B[Core Proxy Engine]
C[Central Orchestrator]
D[Primary Load Balancer]
E[Fallback Rotator]
F[Credential Provider]
end
subgraph "Credential Sources"
G[Gemini OAuth Credentials]
H[AI Studio API Keys]
end
subgraph "External Services"
I[Google Gemini API]
J[Cloudflare KV Store]
end
A --> B;
B --> C;
C --> D;
C --> E;
D --> F;
E --> F;
F -- Reads --> G;
F -- Reads --> H;
F -- Manages State --> J;
B -- Translates & Forwards --> I;
The application consists of several key components:
- Core Proxy Engine: Handles OpenAI-compatible API requests and translates them to Gemini API calls.
- Central Orchestrator: Coordinates request routing between the primary and fallback credential systems.
- Primary Load Balancer: Manages a pool of API credentials with round-robin selection and stateful error handling.
- Fallback Rotator: Provides backup credential management when primary credentials are unavailable.
- Unified Credential Provider: Loads and manages credentials from both the
oauth creds/directory and AI Studio key files.
The project successfully implements the core API proxy functionality as specified in the technical documentation. The application runs actively (npm run dev confirmed working) and provides:
- OpenAI-compatible API endpoint
- Multi-credential load balancing
- Automatic failover mechanisms
- Seamless credential onboarding
- Cloudflare Workers deployment
- OpenAI-Compatible API: Drop-in replacement for OpenAI API, compatible with existing tools and libraries
- Multi-Credential Load Balancing: Distributes requests across API credential pools to avoid rate limits
- Automatic Failover: Built-in fallback mechanism ensures service availability during credential failures
- Seamless Onboarding: Intuitive setup with OAuth credential handling via
oauth creds/directory - AI Studio API Key Support: Enhanced authentication using AI Studio keys for improved access and additional features
- Cloudflare Workers Deployment: Optimized for edge deployment with global low-latency responses
- Interactive Setup Wizard: A command-line tool (
npm run setup-wizard) that guides you through the entire project configuration in minutes. - Stateful Credential Management: Tracks credential health (AVAILABLE, RATE_LIMITED, INVALID)

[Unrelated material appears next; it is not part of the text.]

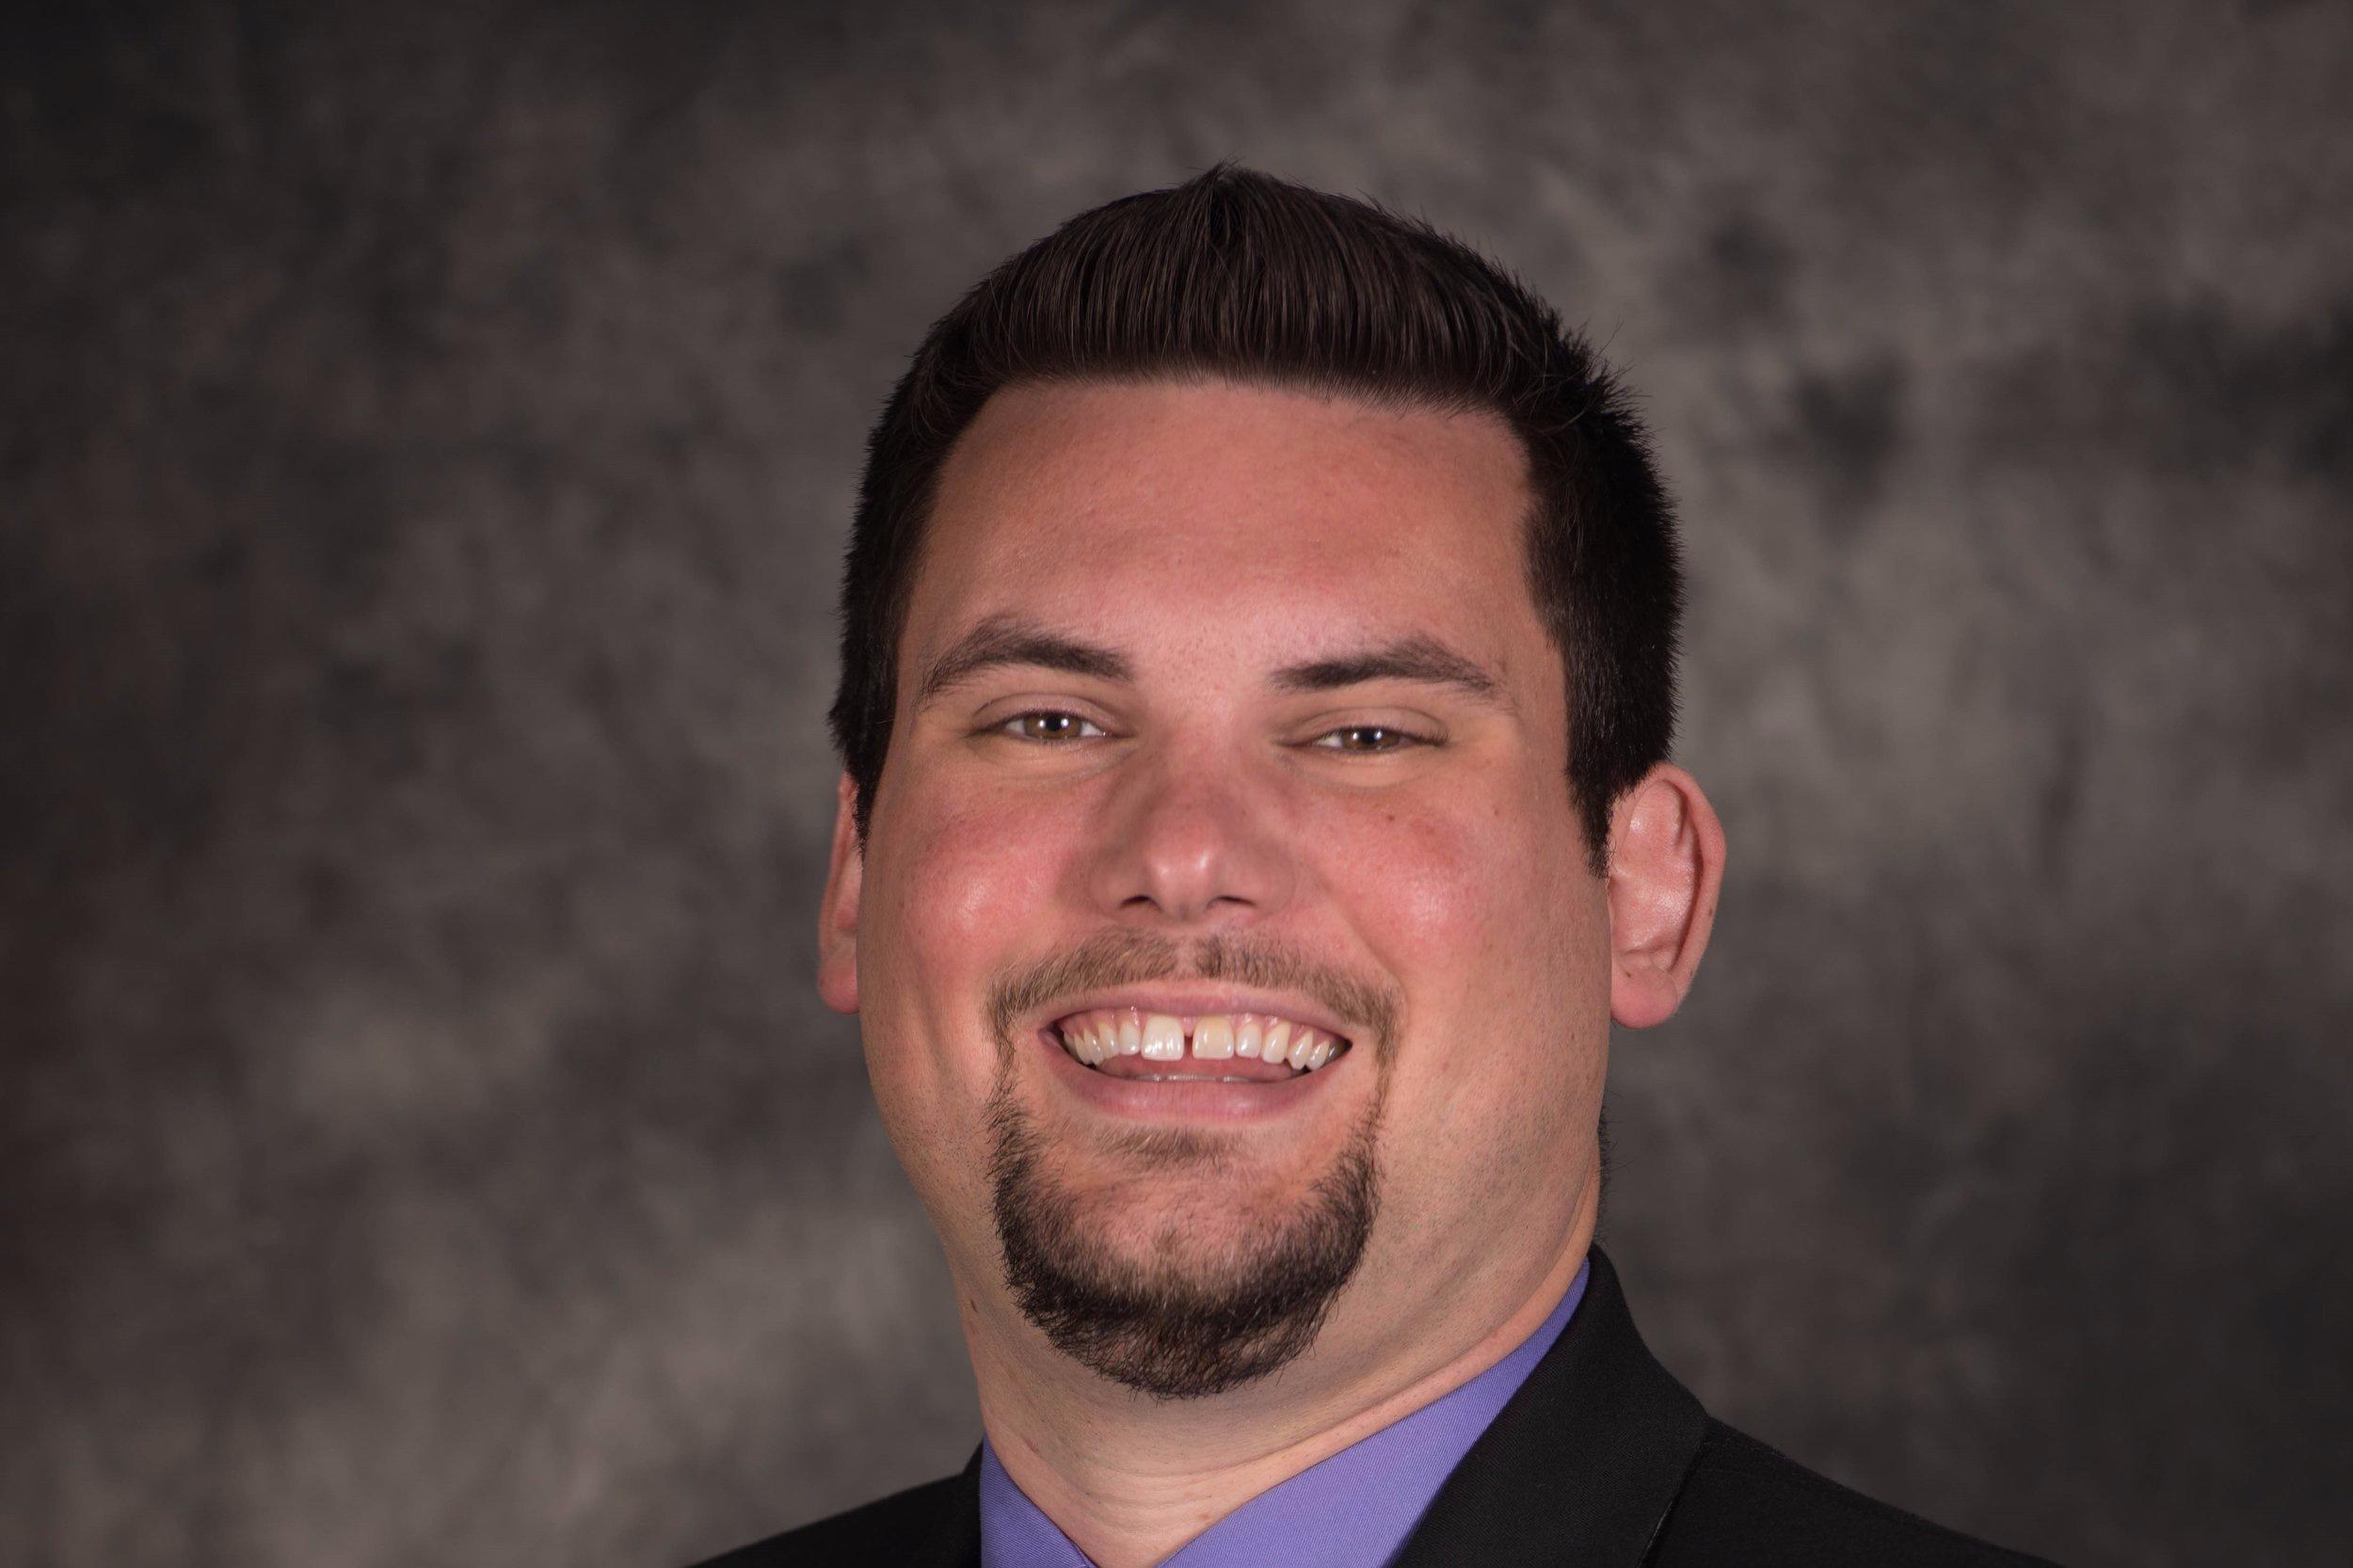 Eric Hunt - Myrtle Beach Wedding OfficiantAmbassador of the Month

- Error-Based State Changes: Automatic handling of 429 (rate-limited) and 401/403 (invalid) errors
- Round-Robin Selection: Efficient distribution of requests across healthy credentials
For the fastest and easiest setup, use the interactive CLI wizard. This tool will guide you through the entire configuration process, including credential import, load balancing, and local development settings. For a detailed walkthrough, see the USAGE.md guide.

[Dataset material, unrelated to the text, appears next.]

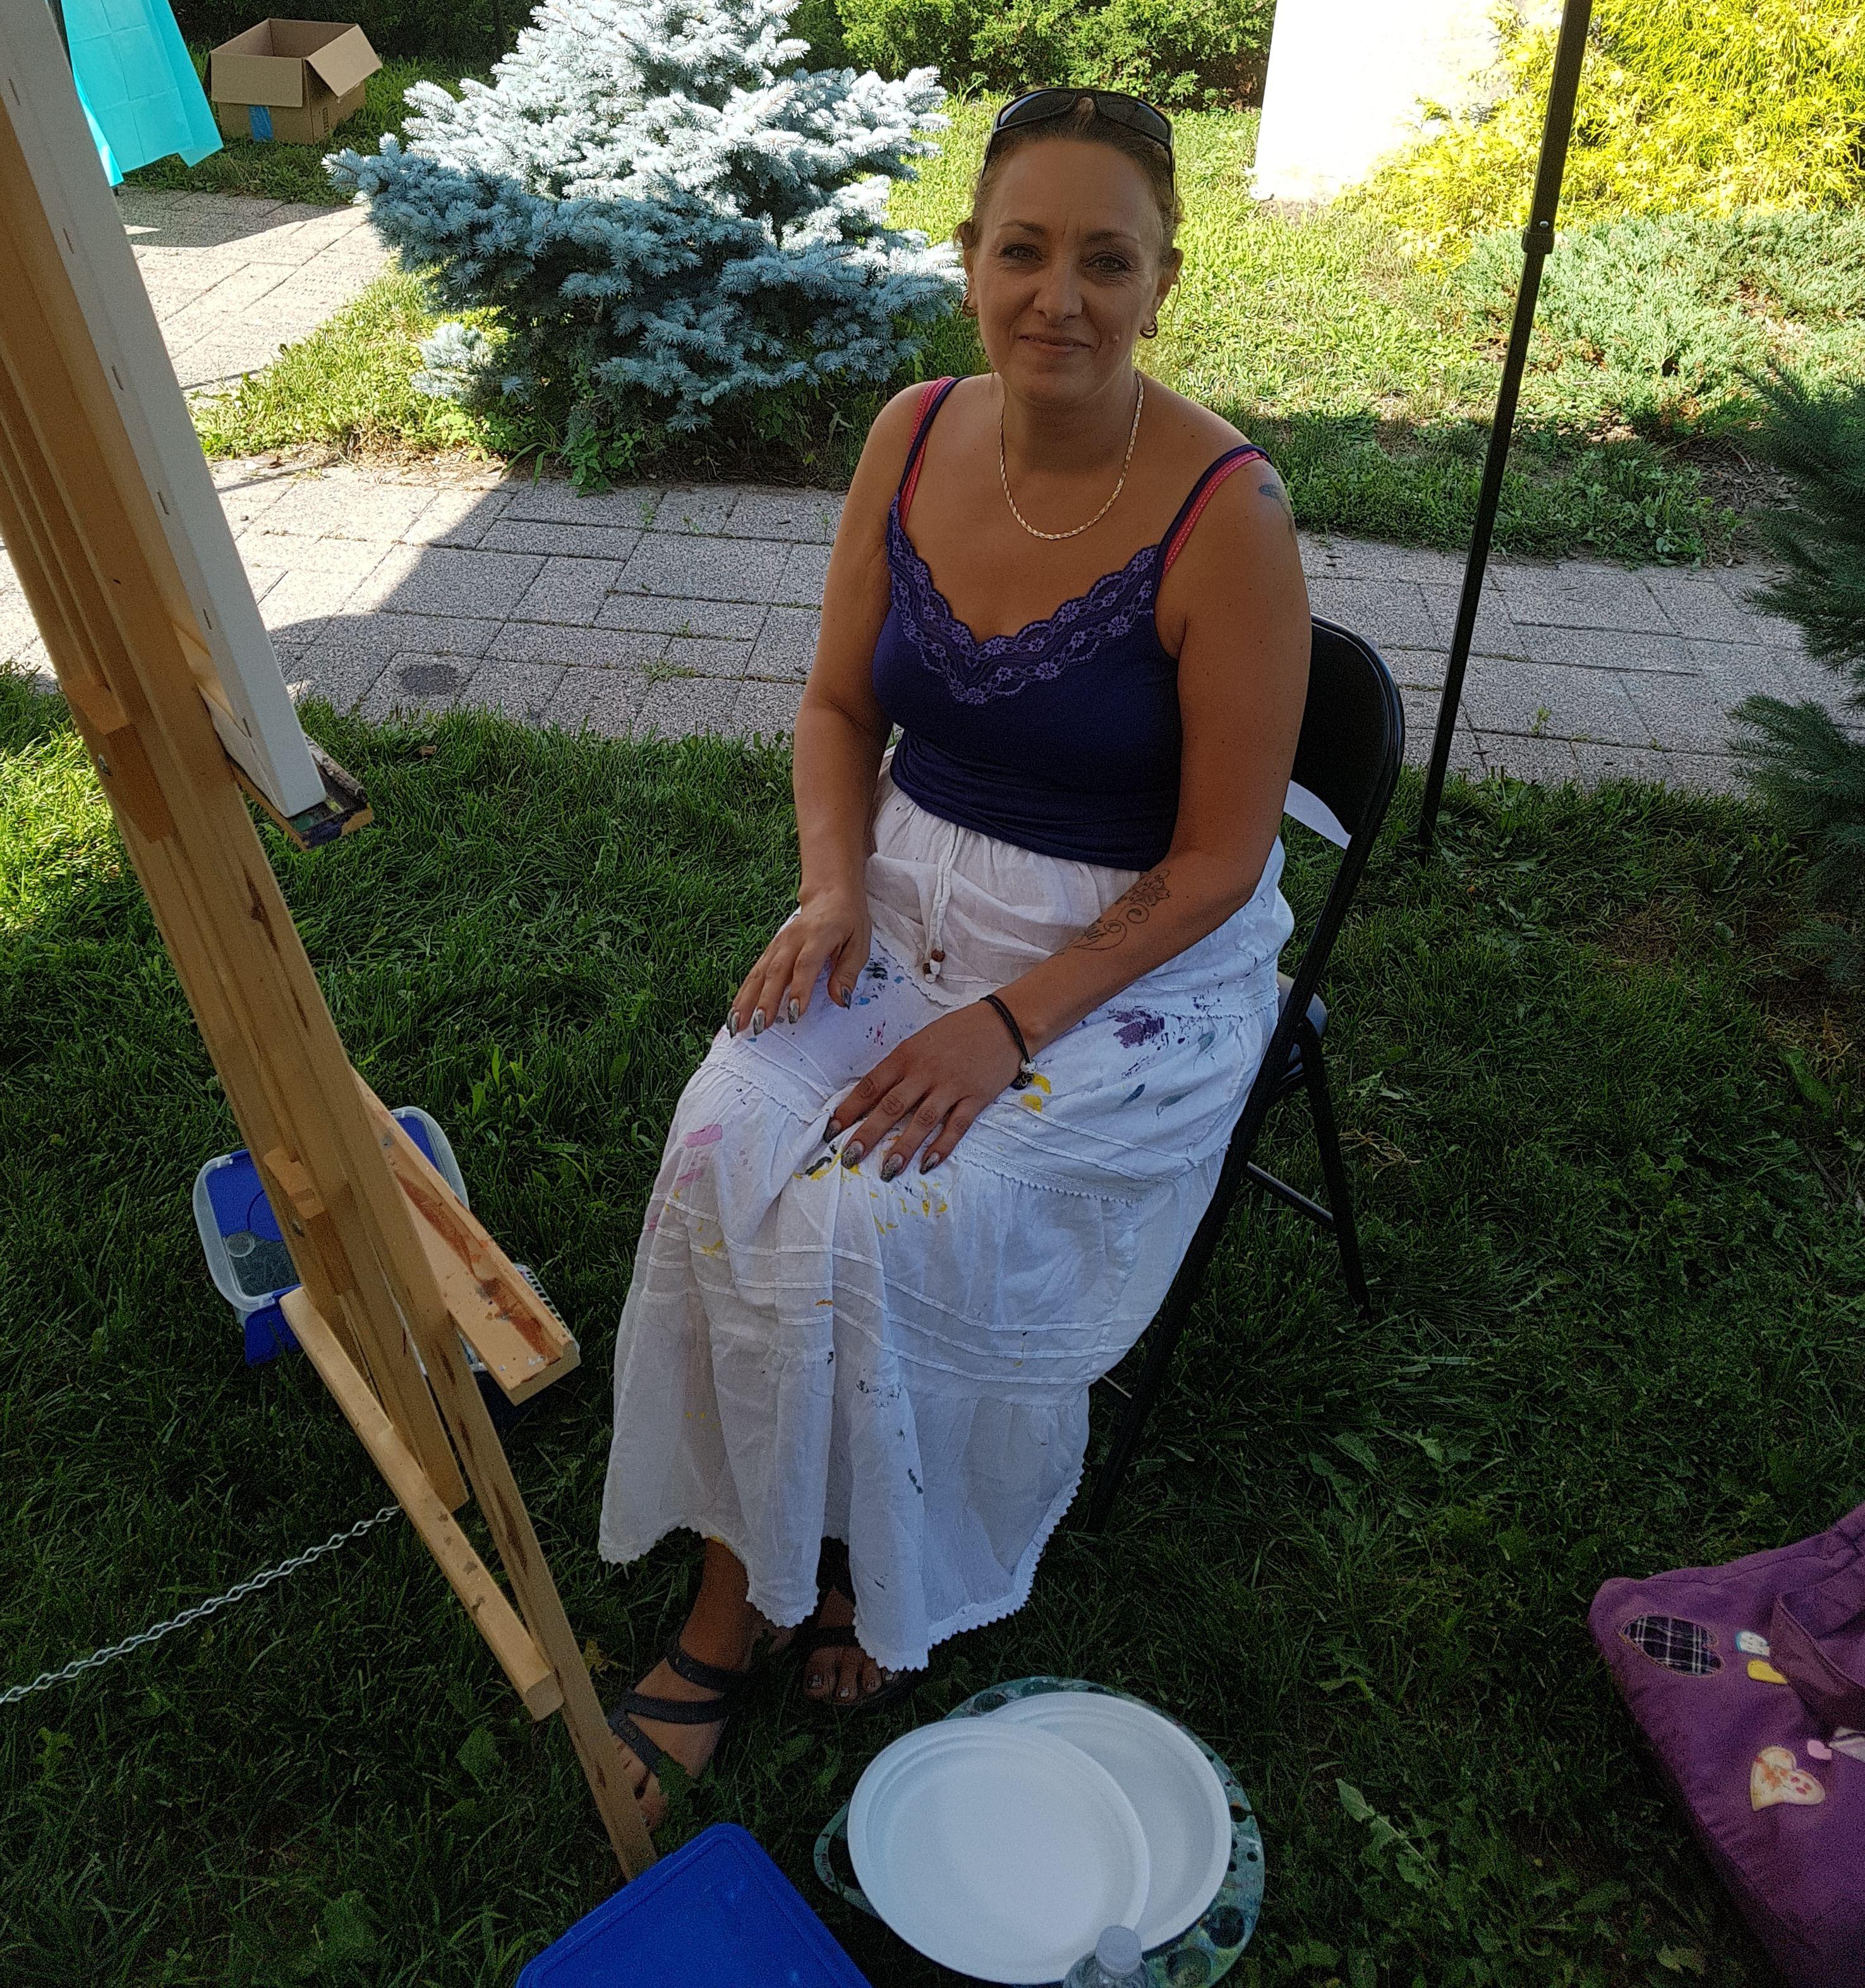 Enjoying a beautiful day painting 😆

To run the wizard, execute the following command:
npm run setup-wizardThe wizard will automatically detect your environment, ask a series of questions, and generate the necessary config.yaml and wrangler.toml files for you.

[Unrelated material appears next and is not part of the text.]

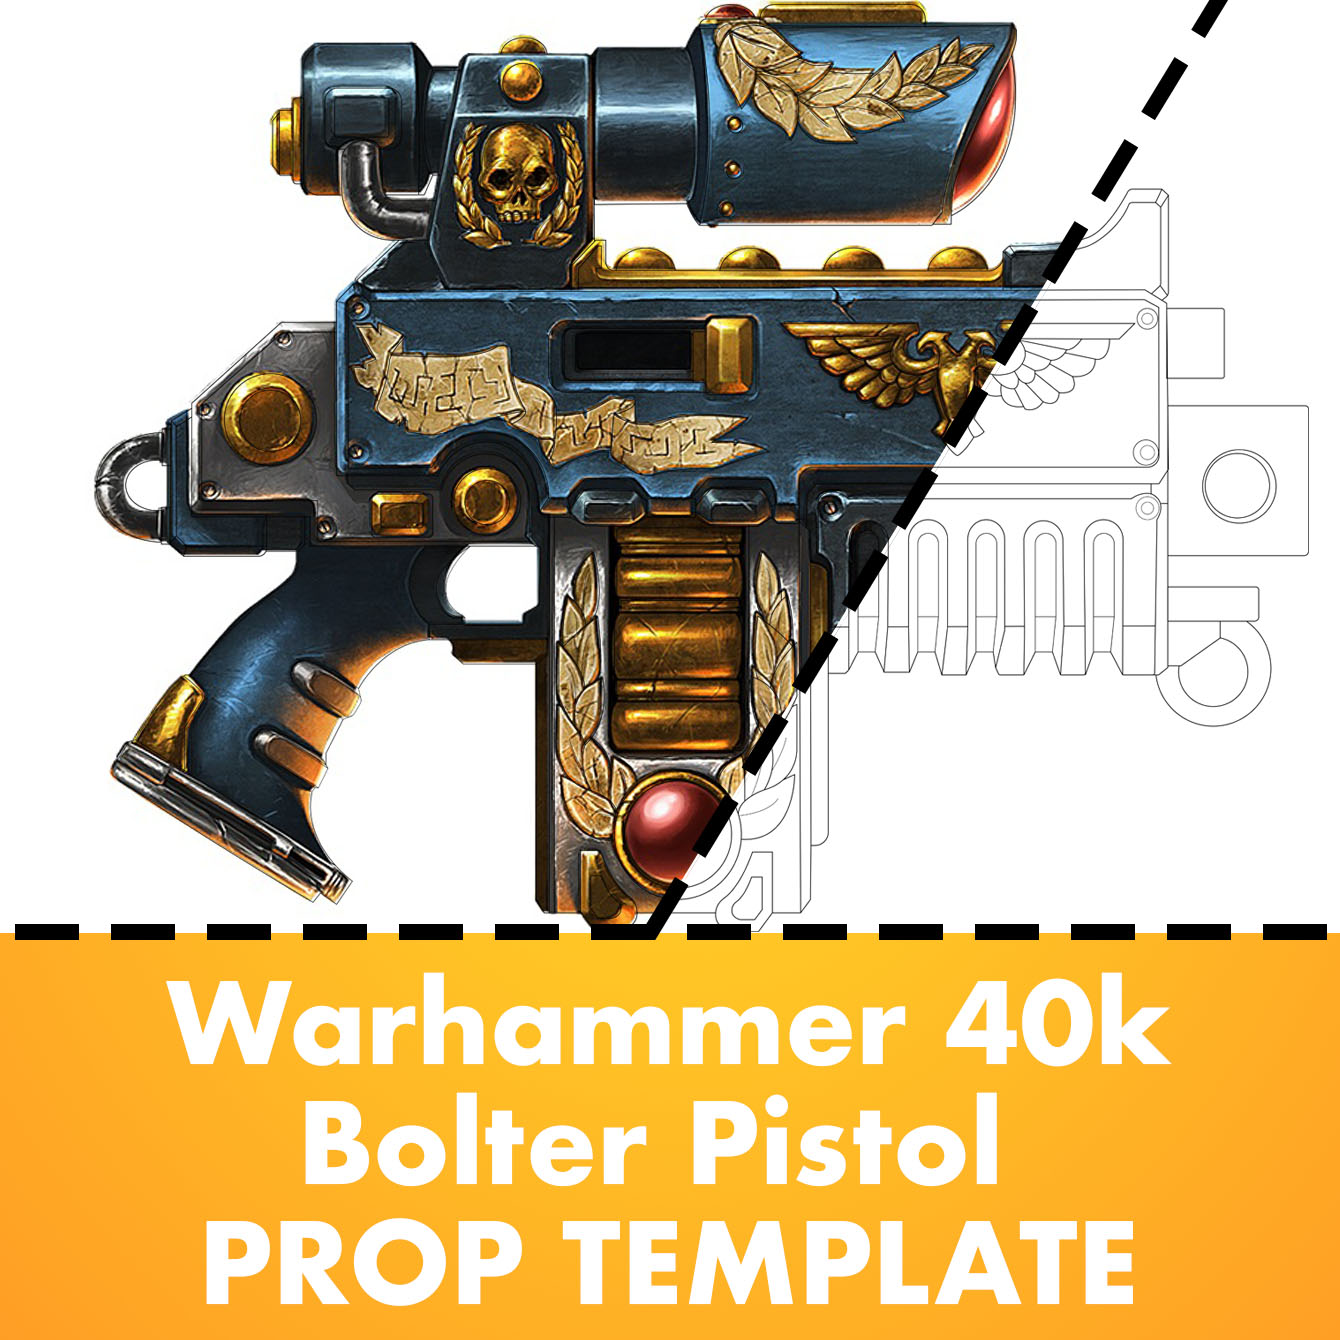 WarhammerBolterPistol_Cover.jpg

Note: The setup wizard supports both English and Spanish. Spanish translations are machine-generated and may contain inaccuracies.
For advanced users or those who prefer manual configuration, follow the steps below.
- Node.js (v18+ recommended)
- npm or yarn
- Wrangler CLI (
npm i -g wrangler) - Cloudflare account and API token
- Gemini OAuth credentials (see OAUTH_CREDENTIALS_GUIDE.md)
git clone gemini-cli-proxy
cd gemini-cli-proxy
npm install-
Add Credentials
- Place your Gemini OAuth credential files (
.jsonformat) in theoauth creds/directory. - For AI Studio keys, create a file named
ai_studio_keys.txtorkeys.txtin theoauth creds/directory and add your API keys (one per line). - Note: The setup wizard can handle credential import for you automatically.
- Place your Gemini OAuth credential files (
-
Configuration
- Manually create or edit
config.yamlto configure load balancing, logging, and AI Studio integration. See the Configuration section for details. - Copy
wrangler.toml.templatetowrangler.tomland fill in your actual Cloudflare KV namespace ID and other configuration details. Note: The actualwrangler.tomlfile is gitignored to prevent committing private information.
- Manually create or edit
-
AI Studio Keys (Optional)
- Create either
oauth creds/ai_studio_keys.txtoroauth creds/keys.txtwith your AI Studio API keys (one per line) - Alternatively, create
oauth creds/keys.jsonwith your keys in JSON format - The system will automatically detect and use whichever file exists
- Create either
-
Run Development Server
npm run dev
The npm run predev script (which npm run dev calls) will process your credential files and create a .dev.vars file for local development.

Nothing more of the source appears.